移植1週間後には、移植したマウスは、移植しないマウス(対照群)に比べ有為に血中のACTHや副腎皮質ホルモンの濃度が上昇。さらに、CRHを注射すると対照群では変化はなかったが、移植したマウスでは、血中のACTHの濃度が大きく上昇し、下垂体除去をしていないマウスの正常値近くまで回復した。それに伴う、血中の副腎皮質ホルモン濃度の上昇も確認されている。
また、下垂体機能不全モデルマウスの生存期間だが、自発的な活動性(自発運動量)が低下し、数週間以内にすべて死亡してしまった。一方、移植したマウスでは活動性(運動量)の回復が認められたほか、移植後8週間でも85%のマウスが生存(画像6)。このことから、人工下垂体は生体内でも内分泌器官として機能し、その移植により下垂体機能不全モデルマウスの再生治療が可能であることが実証できたというわけである。
なお、研究グループでは今回の成果により、現時点では根治療法の存在しない下垂体(神経性下垂体を除く)の主要な内分泌細胞のすべてが機能不全になる「汎下垂体機能低下症」の治療法につながるとしている。

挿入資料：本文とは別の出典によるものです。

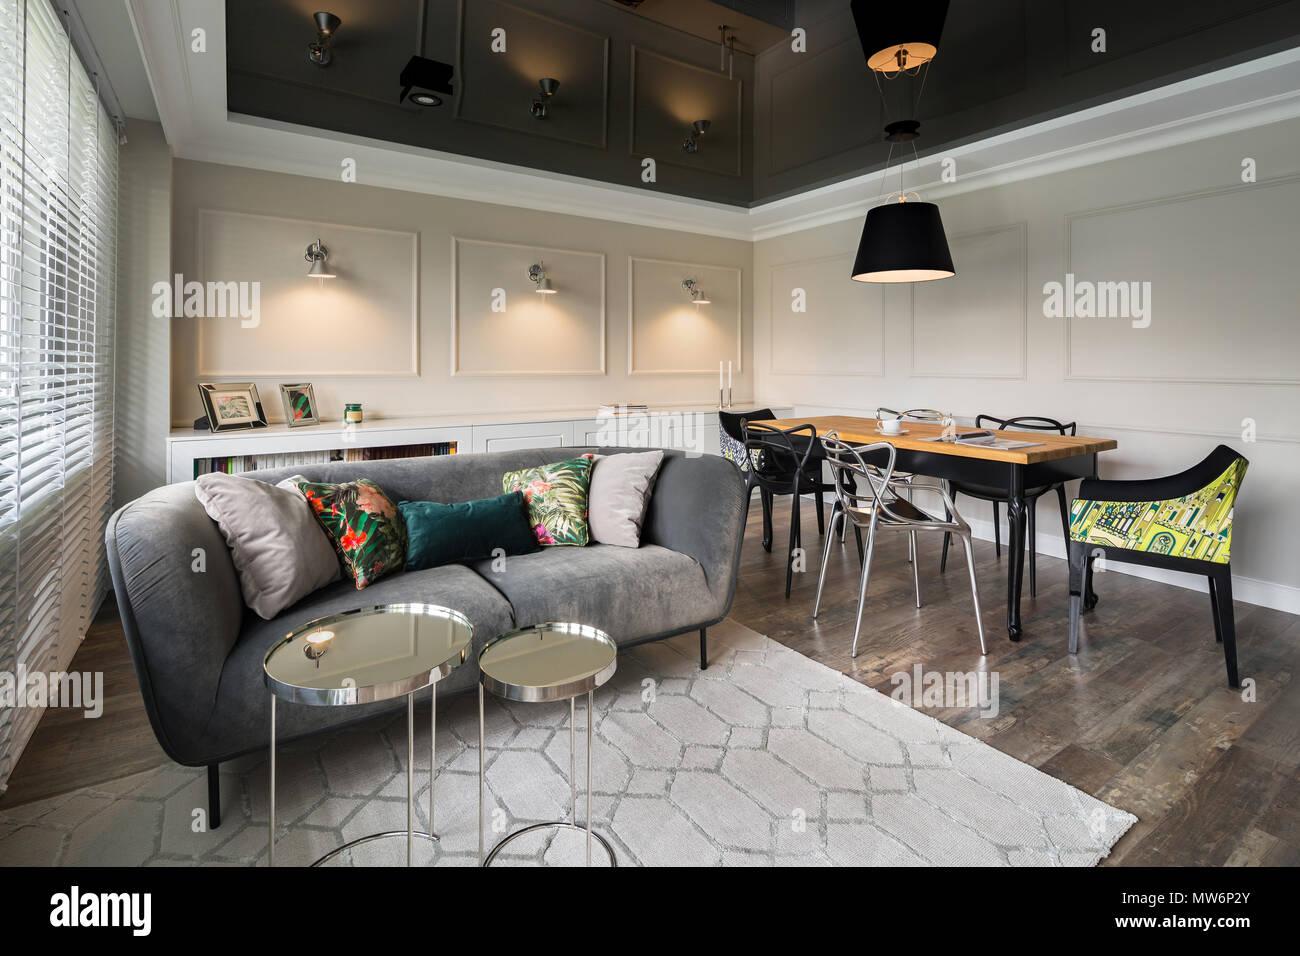 Pareti Beige E Grigio : Soggiorno con divano grigio pareti beige e nero soffitto stretch

また、今後は、ACTH産生細胞以外の下垂体ホルモン産生細胞の分化効率が低いため、それを上げていくとし、またACTH産生細胞と成長ホルモン産生細胞を含む機能性の高い人工下垂体をヒト由来のES細胞やiPS細胞から産生するために、集中的な研究開発を計画しているとした。さらに、人工下垂体の移植技術の改良を進め、より安全な皮下移植、さらには本来下垂体が存在する頭蓋骨の底部の小さなくぼみの「トルコ鞍」への移植技術を、ブタなどの中型動物を用いた研究で進めていくとしている。